Alcohol 120% made pretty short shrift of it, but I wrote a (fairly civil) nastygram to the head of their copy protection program to the extent that I will (a) never buy another disc from them again, and (b) tell all my friends to do the same, especially the non-technical ones, because EMI Germany produces broken CDs which you may not be able to play on your new iPod.
There's an axiom out there to the extent that every pissed off customer means, through his/her network, between 7 and 14 additional lost customers. I received a very politely worded letter back, trying to explain and justify why they're doing this, the tone of which I appreciated, but the contents of which didn't change my mind.
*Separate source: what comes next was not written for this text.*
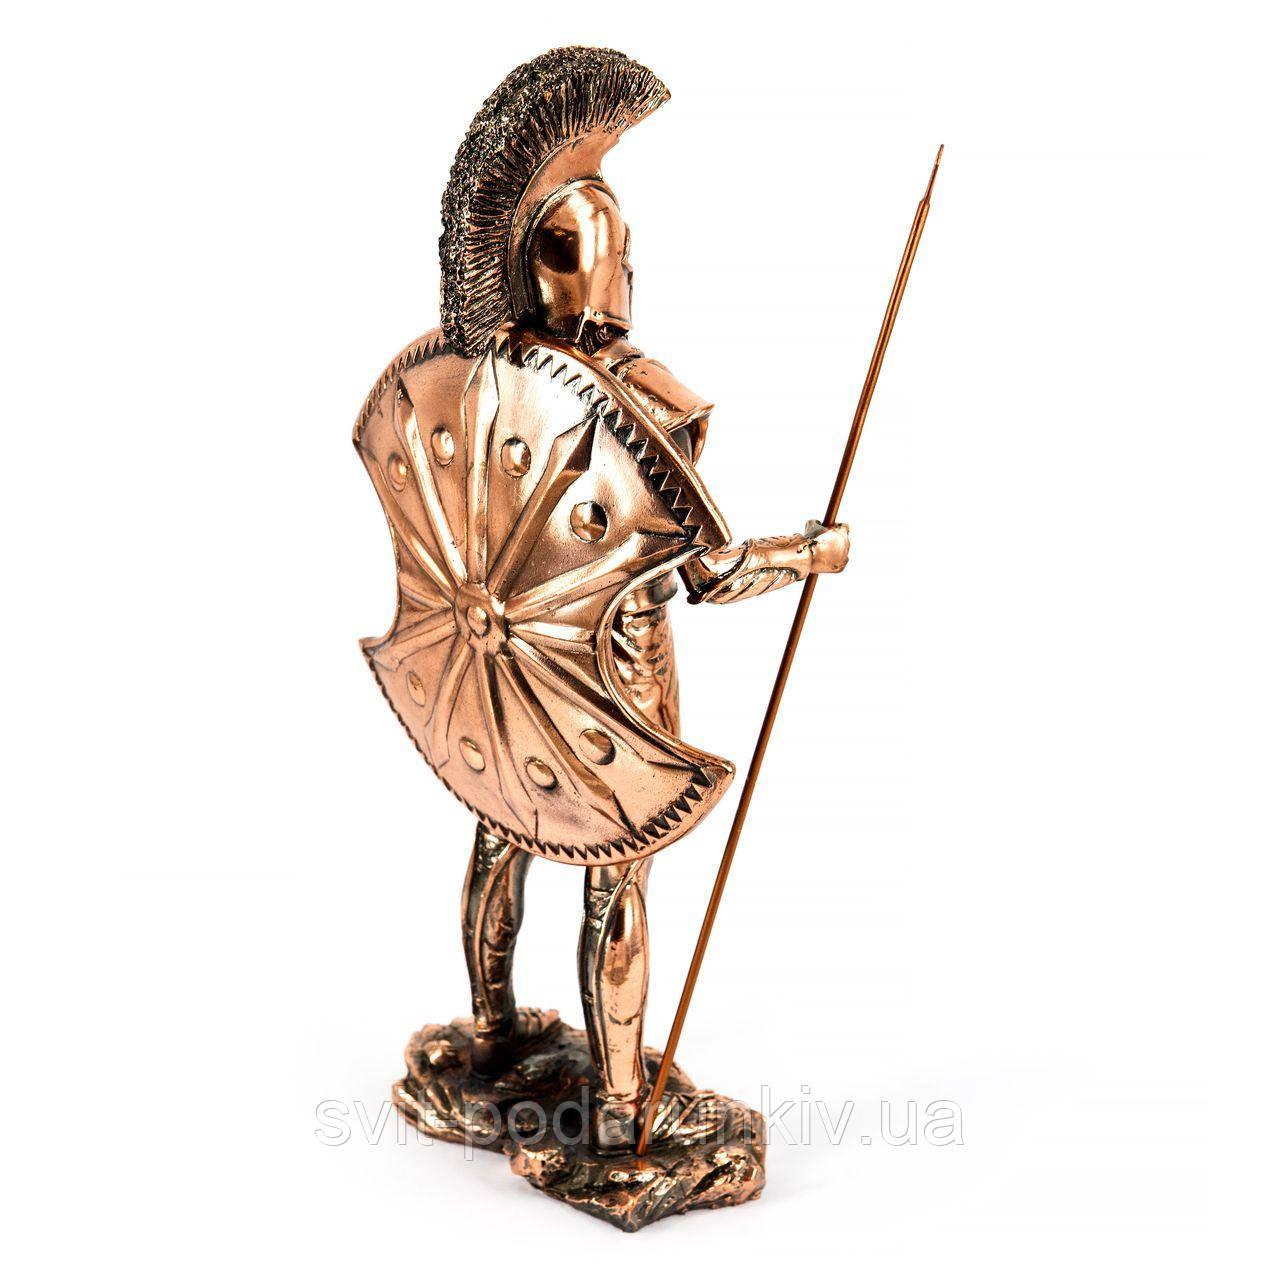 Статуэтка спартанского воина

I wrote my original mail because of a suggestion to do so which I found on a blog when searching for solutions to my problem, and have been offering the same suggestion to other people when I hear of a legitimate owner of some form of media being inconvenienced by copy protection. I have washed my hands of the affair, I have loads of good albums, and I don't really need anything from that particular vendor.
The outcome of this will be either that nothing changes, in which case neither I nor the vendor care, or that I've done my little bit to contribute to EMI Germany losing enough business to think again about treating potential customers like potential criminals. In this scenario, I have also not been inconvenienced, but have maybe helped others have an easier time of backing up their discs.
Your attitude is superb--I encourage anyone who objects to the idea of purchasing something and then being told what they can or cannot do with it , to just vote with your wallet--it's the most effective vote you have.
Re:PR0N, people. Don't forget the PR0N industry. (Score:3, Funny)
You must be hanging out on the wrong streets then.